This article is about the political views and activities of the German sociologist Max Weber.

Weber described himself as a left-wing liberal. An example of his 19th-century liberal views is staunch nationalism based on classical republicanism, and that a nation with freedom for individuals is maintained by the virtues and character of its citizens. He also had a strong belief in the benefits of capitalism. Weber's assertion that capitalism had deep Christian origins was, ultimately, a political defense of the market system. His work stands in sharp contrast to socialists like Werner Sombart or RH Tawney, who argued that capitalism was fundamentally un-Christian.

Nationalism
Weber started his career as a German celebrity in 1894. As a result of his authoritative study of the so-called Ostflucht, he had a major influence on German policy towards the Germanisation of eastern Germany. He proposed closing the border to Polish workers from Russia and Austria-Hungary in his speech at the Fifth Evangelical Social Congress in 1894. He feared that Germany would eventually lose these eastern territories. He advocated the recolonisation of empty lands on the large estates of the Prussian Junkers by German settlers from the west, who would start small farms. The congress was mainly against Weber's demands because it supported the Prussian Junkers, but Weber influenced his friends and allies, including the pastor Friedrich Naumann, who later became an influential politician and one of the founders of the liberal Deutsche Demokratische Partei after World War I.

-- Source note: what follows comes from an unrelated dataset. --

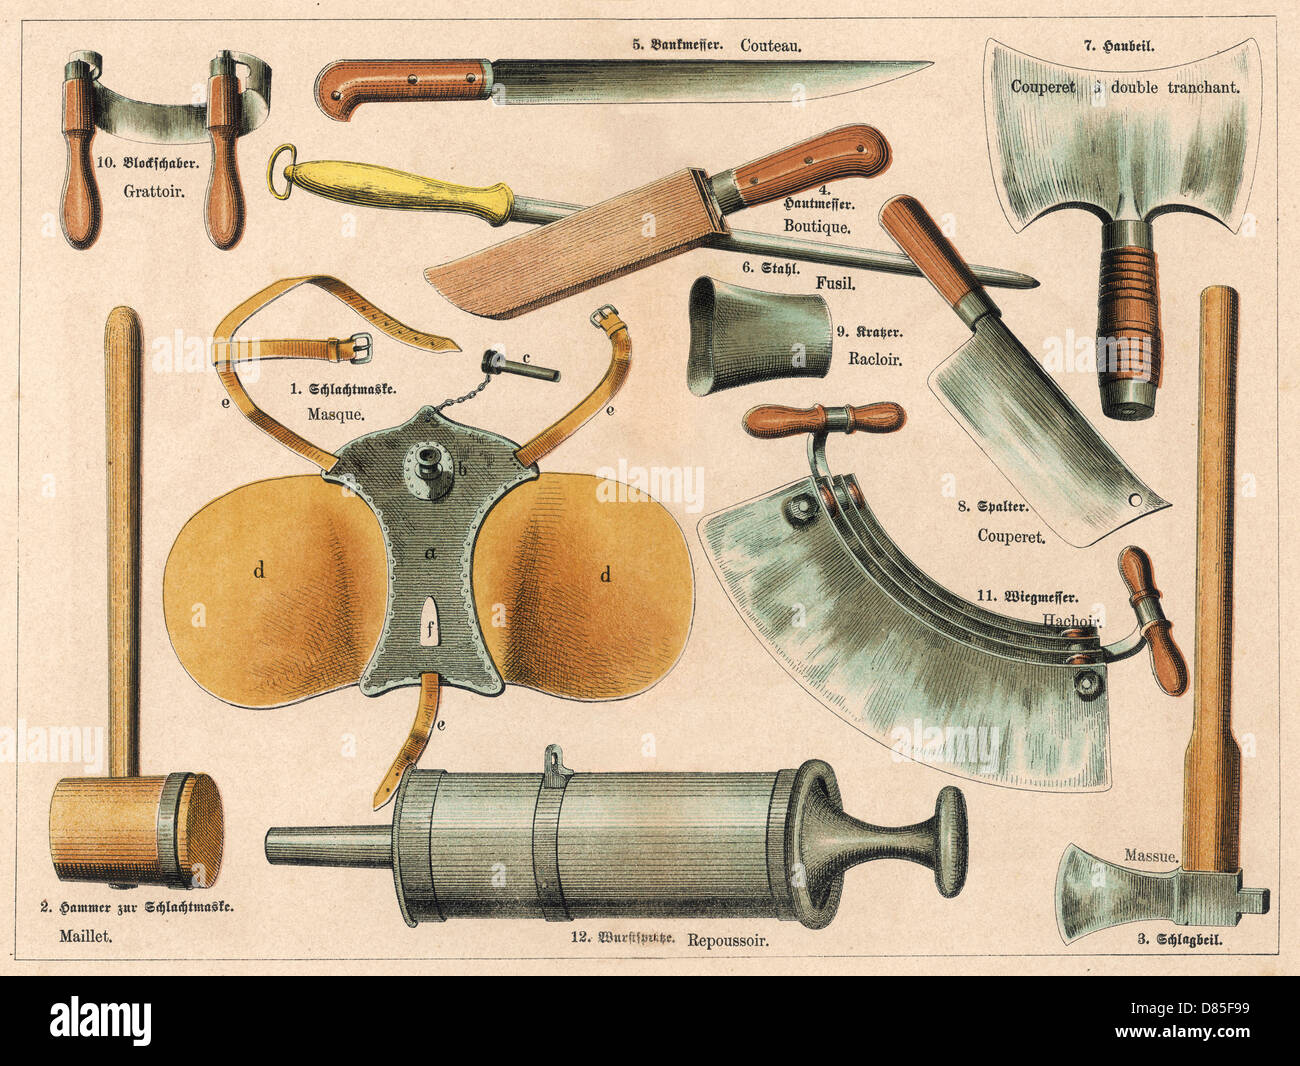 Various butchery tools Stock Photo - Alamy

In 1905, Weber changed his mind. He was impressed by the attitude of the Russian liberal party, which wanted to change Russian nationalism by accepting ethnic minorities as Russians. Weber wanted the Germans to absorb other ethnic groups, especially the Poles, who should have become a part of a huge German empire. Weber thought that the only way that German culture would survive was by creating an empire. Power politics was to be the basis for defending the German culture and economy and to prevent it from becoming a powerless country like Switzerland.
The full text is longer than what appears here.